The documentation for CorpusFiltergraph is sparse. The installation
process adds three shortcut links to your Desktop or $HOME folder
depending on whether you're in a GUI environment. The installation also
adds a folder to the user's home folder ~/domy-graphs. Its sub-folders
are the graphs. Each graph includes a config.ini file. Check out the
graph ~/domy-graphs/build-tm/config.ini.
The [output], renderlanguages= option defines a comma-separated list of
languages for which to build graphs of filters.

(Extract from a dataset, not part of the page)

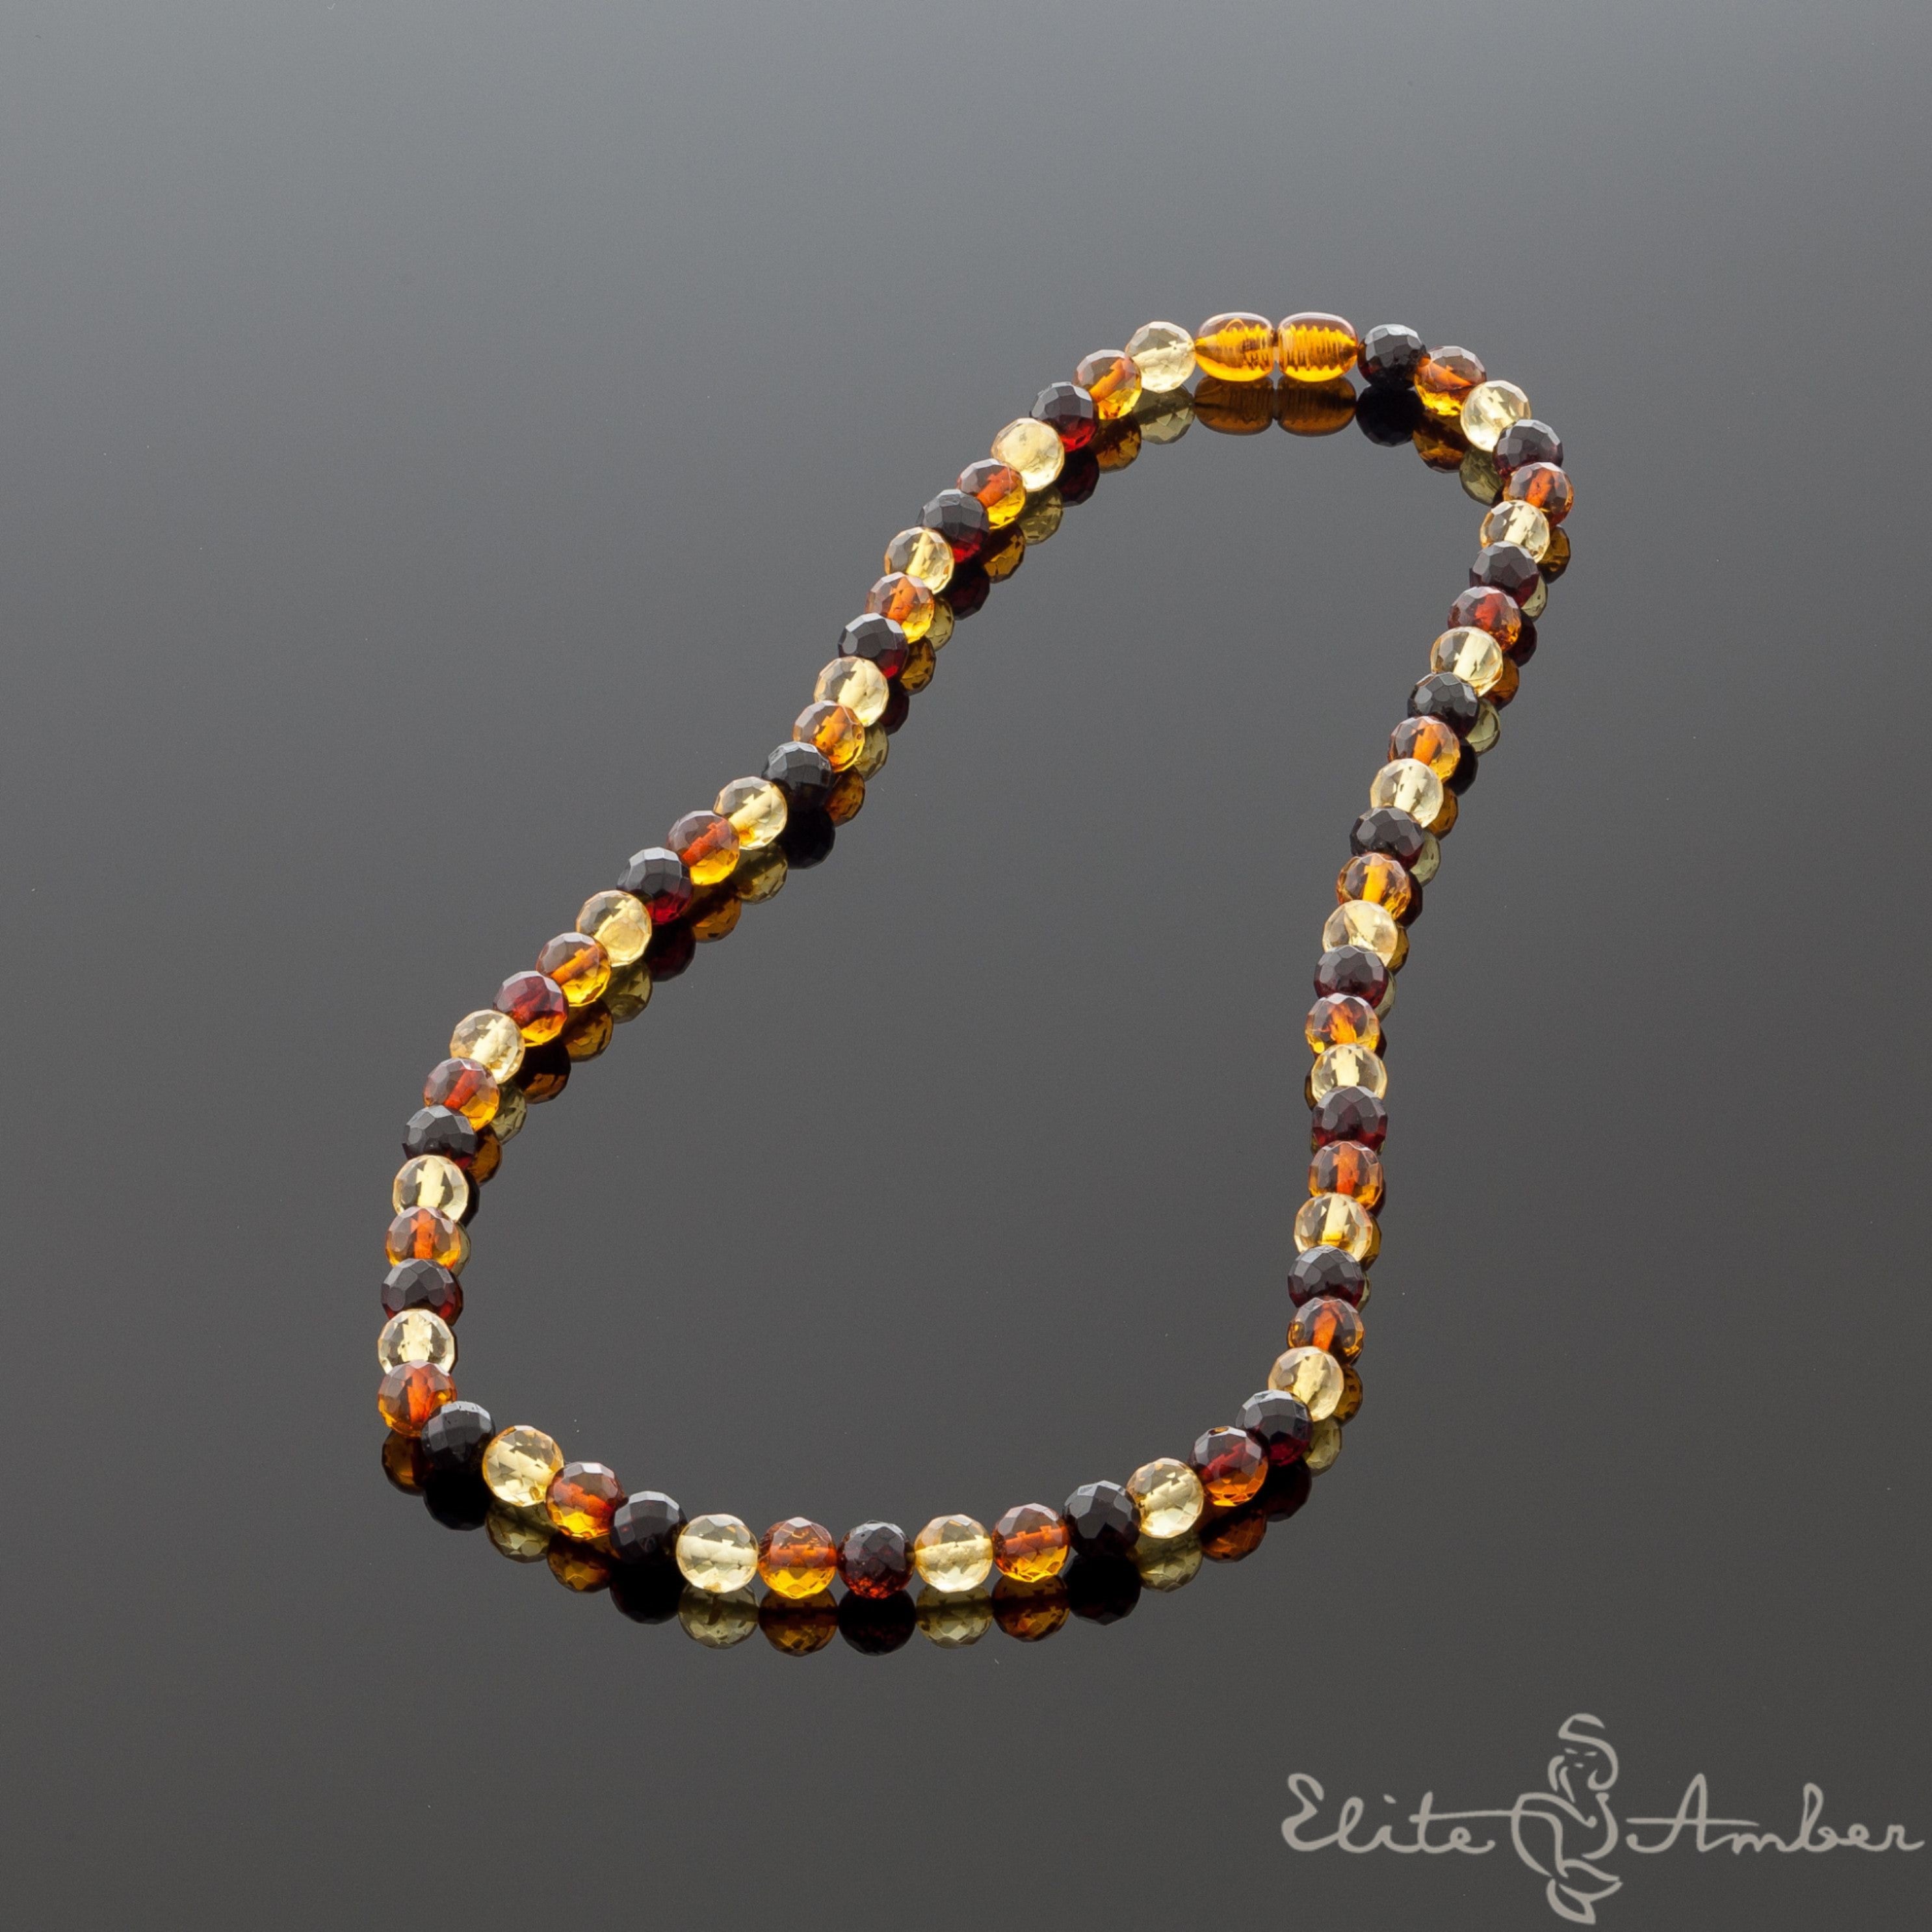 Amber necklace "Glossy colors"

Each language has its
own section with filterX= options. The X is the sequence order of the
filter. The value of the filterX= option is a comma-separated
definition. The first element is a code for the location of the plugin
(python module).
0= /usr/lib/corpusfg/plugins (graph agnostic/language agnostic)
1= /usr/lib/corpusfg/plugins/<lang> (graph agnostic/language specific)
2= ~/domy-graphs/<graph> (graph specific/language agnostic)
3= ~/domy-graphs/<graph>/<lang> (graph specific/language specific)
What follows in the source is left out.